== Stored data ==

↓↓↓

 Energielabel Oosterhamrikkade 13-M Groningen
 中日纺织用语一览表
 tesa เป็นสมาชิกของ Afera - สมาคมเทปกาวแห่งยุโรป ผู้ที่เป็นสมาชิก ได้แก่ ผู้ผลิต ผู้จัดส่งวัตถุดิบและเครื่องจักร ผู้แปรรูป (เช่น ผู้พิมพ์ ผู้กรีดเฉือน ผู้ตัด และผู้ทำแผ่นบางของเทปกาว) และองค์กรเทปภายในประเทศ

↑↑↑

== Task brief ==
Print the whole listing once more, exactly as it stands.

== Reply ==
 Energielabel Oosterhamrikkade 13-M Groningen
 中日纺织用语一览表
 tesa เป็นสมาชิกของ Afera - สมาคมเทปกาวแห่งยุโรป ผู้ที่เป็นสมาชิก ได้แก่ ผู้ผลิต ผู้จัดส่งวัตถุดิบและเครื่องจักร ผู้แปรรูป (เช่น ผู้พิมพ์ ผู้กรีดเฉือน ผู้ตัด และผู้ทำแผ่นบางของเทปกาว) และองค์กรเทปภายในประเทศ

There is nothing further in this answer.